Mehrkosten sind Ausdruck der Wahlfreiheit der Versicherten. Wir wollen, dass die Entscheidung für oder gegen eine Versorgung mit Mehrkosten bewusst gefällt wird. Diese Entscheidung darf nicht durch eine interessengeleitete Beratung dahingehend beeinflusst werden, sich für Hilfsmittel zu entscheiden, die mit Mehrkosten verbunden sind“, so Gernot Kiefer, stellvertretender Vorstandsvorsitzender des GKV-Spitzenverbandes.

Leistungserbringende müssen aktiv informieren

Aufgrund des 2017 beschlossenen Heil- und Hilfsmittelversorgungsgesetzes (HHVG) sind die Anbieter der Gesundheitsleistungen verpflichtet, GKV-Versicherten immer mehrkostenfreie Hilfsmittel anzubieten und diese über ihren Versorgungsanspruch (Sachleistungsprinzip) zu informieren.

Wünschen Versicherte eine zusätzliche Leistung außerhalb des Sachleistungsprinzips der GKV, sind die Leistungserbringenden zudem verpflichtet, den Krankenkassen auch die Höhe der mit den Versicherten abgerechneten Mehrkosten mitzuteilen. Diese Maßnahmen sollen für mehr Transparenz über das Ausmaß der im Hilfsmittelbereich gezahlten Mehrkosten sorgen und langfristig dabei helfen, ungerechtfertigte Mehrkosten zu verringern. Die Mehrkostenberichte des GKV-Spitzenverbandes bieten hierfür wichtige Anhaltspunkte.

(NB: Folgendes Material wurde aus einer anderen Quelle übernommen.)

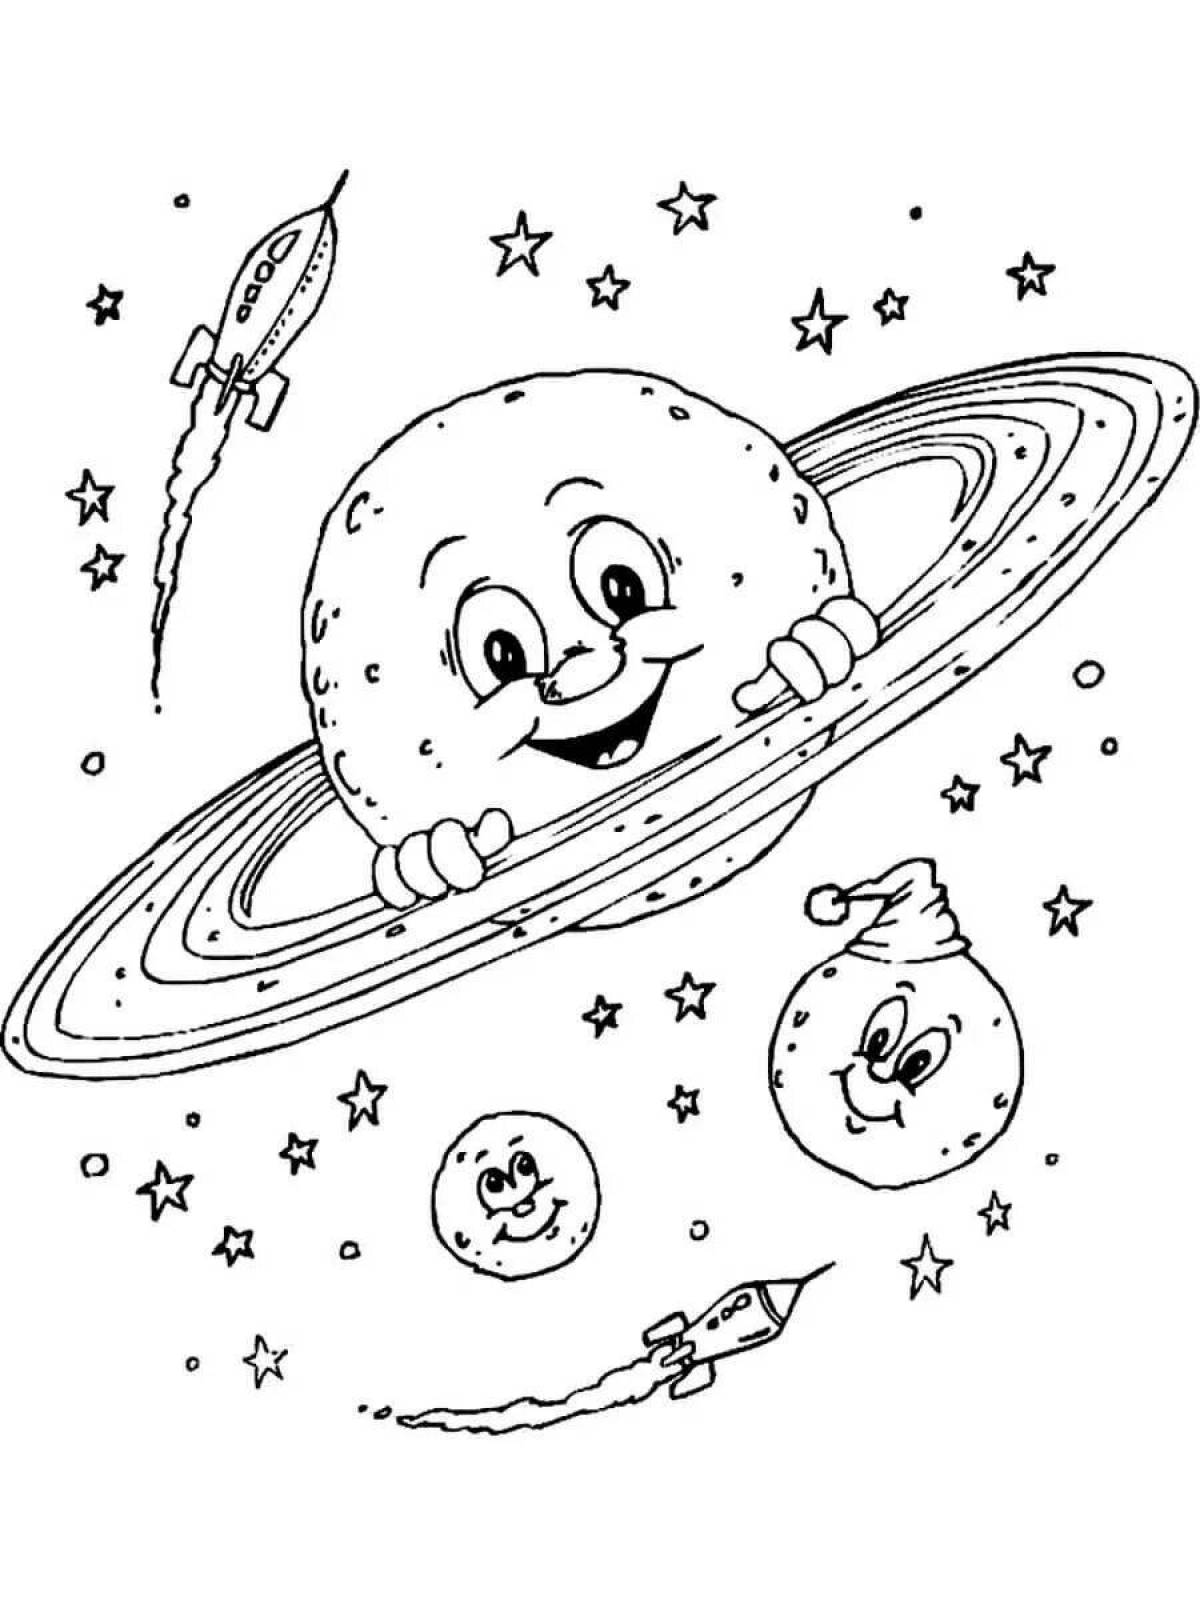 Трафареты ко дню космонавтики. Космос раскраска для детей. Раскраска. В космосе. Раскраска космос и планеты для детей. Раскраска на тему космос для детей.
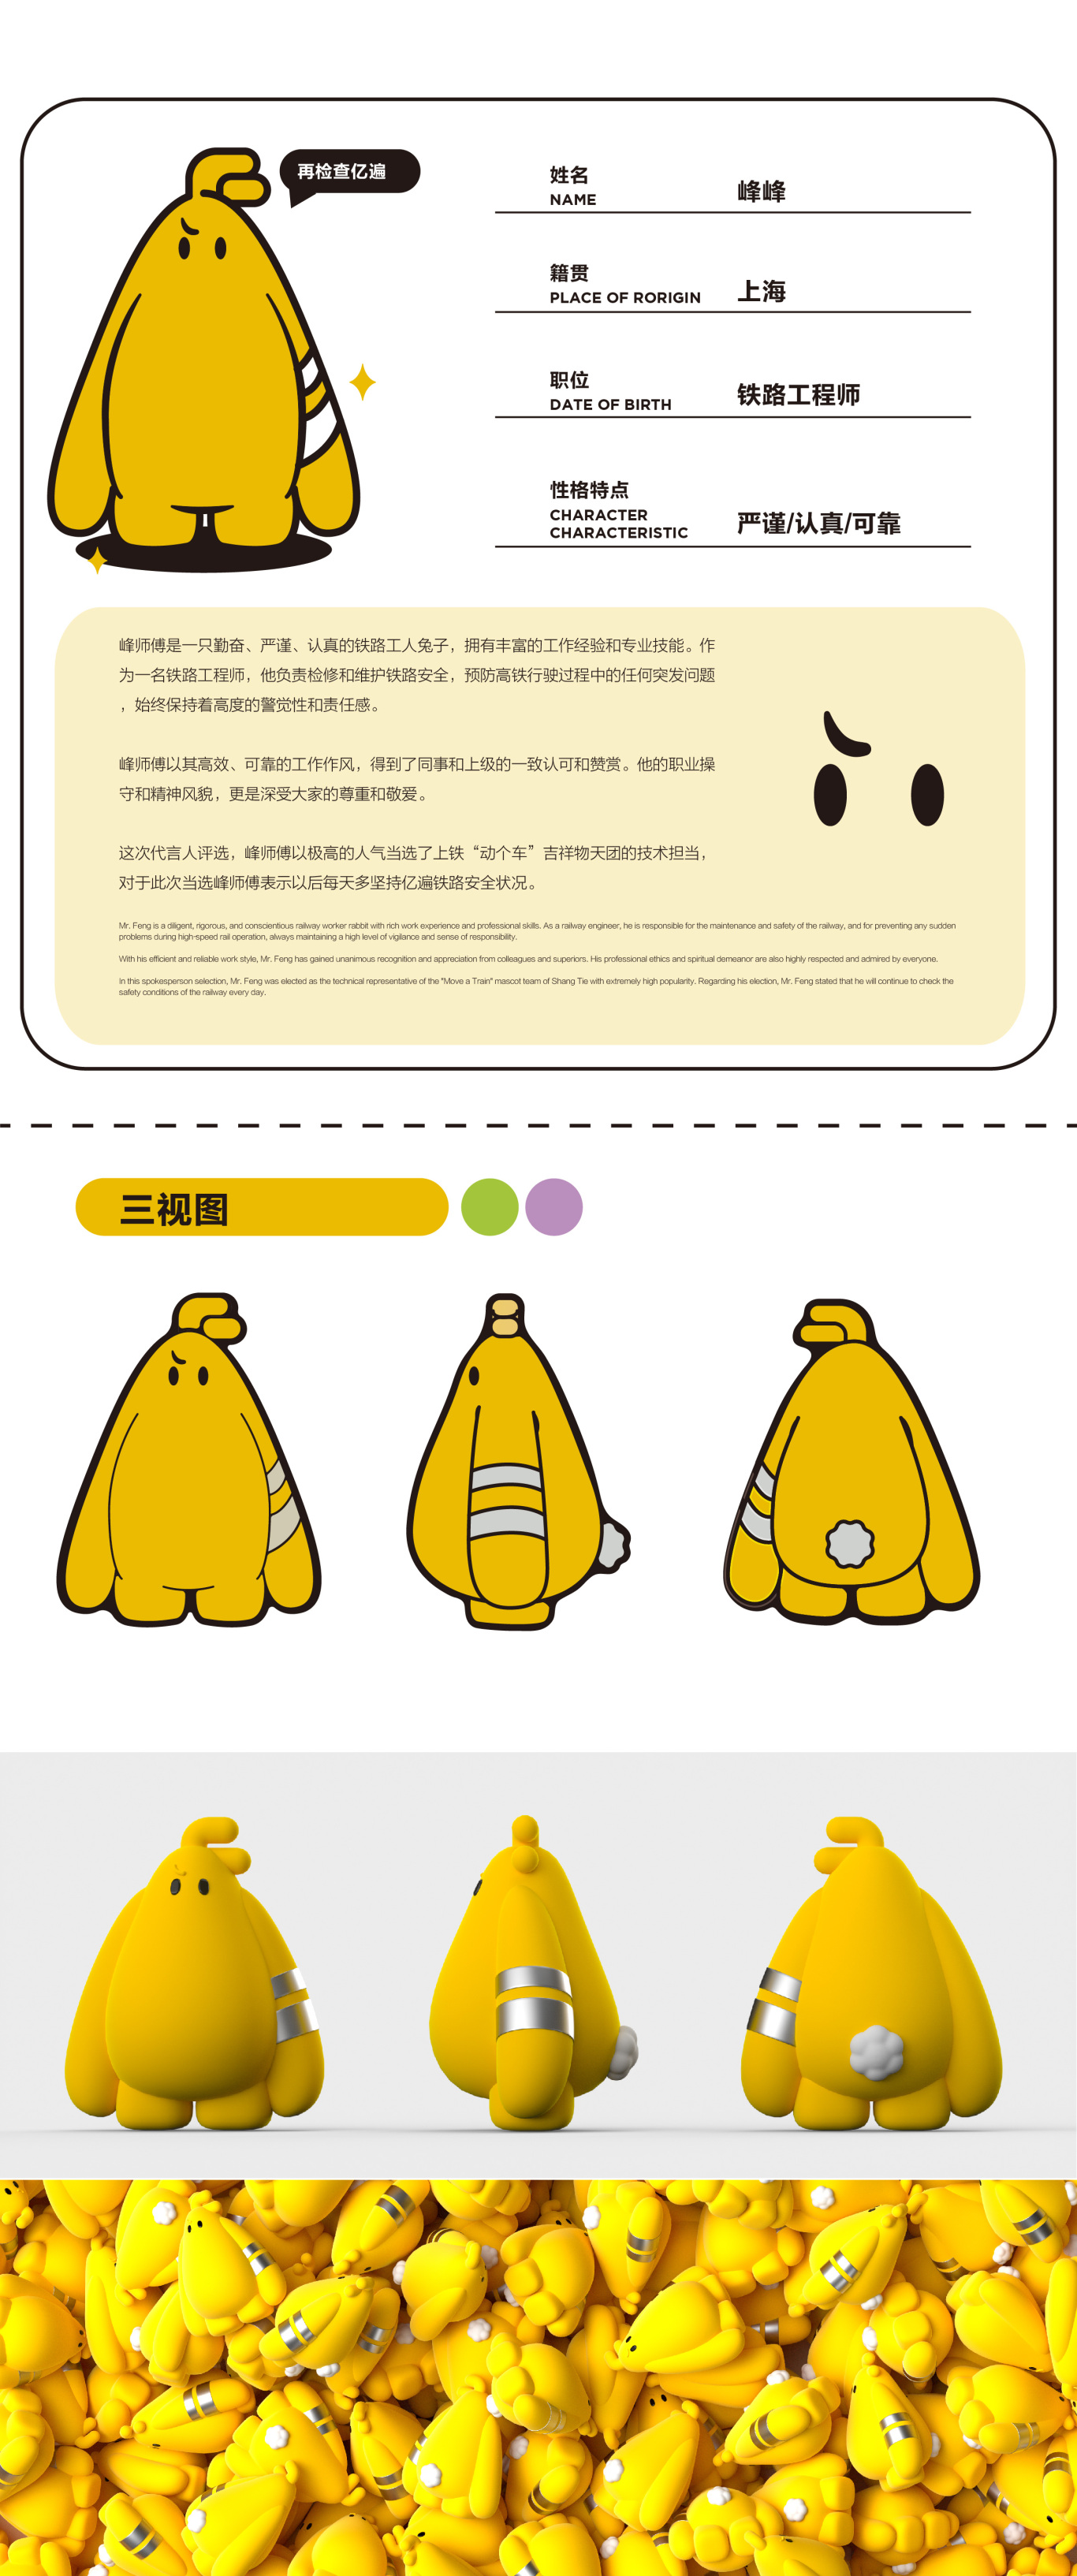 上海铁路吉祥物设计图4

Zuzahlung und Mehrkosten bei Hilfsmitteln – Worin besteht der Unterschied?

Der Gesetzgeber hat festgelegt, dass gesetzlich Krankenversicherte sich mit einer Zuzahlung an Hilfsmitteln beteiligen. Der Eigenanteil beträgt für jedes Hilfsmittel mindestens 5 Euro und höchstens 10 Euro. Versicherte zahlen aber nie mehr als die tatsächlichen Kosten, falls ein Hilfsmittel günstiger als 5 Euro sein sollte. Bei zum Verbrauch bestimmten Hilfsmitteln ist die Zuzahlung auf höchstens 10 Euro im Monat begrenzt. Die jährliche Eigenbeteiligung der Versicherten darf zwei Prozent der Bruttoeinnahmen nicht überschreiten. Außerdem gibt es bestimmte Ausnahme- und Härtefallregelungen.

Bei Mehrkosten handelt es sich hingegen um eine bewusst entschiedene Zahlung. Versicherte nutzen hier die Möglichkeit, eine Versorgung über das Maß der medizinisch notwendigen Ausstattung auszuwählen, müssen dann aber entsprechende Mehrkosten selbst tragen. Der Versicherte trägt diese Kosten allein, weil er sich im eigenen Interesse für zusätzliche Leistungen entscheidet. Diese Leistungen sind außerhalb des Sachleistungsprinzips der Krankenkassen und damit außerhalb des medizinisch Notwendigen, das Versicherte für ihre Krankenkassenbeiträge erhalten.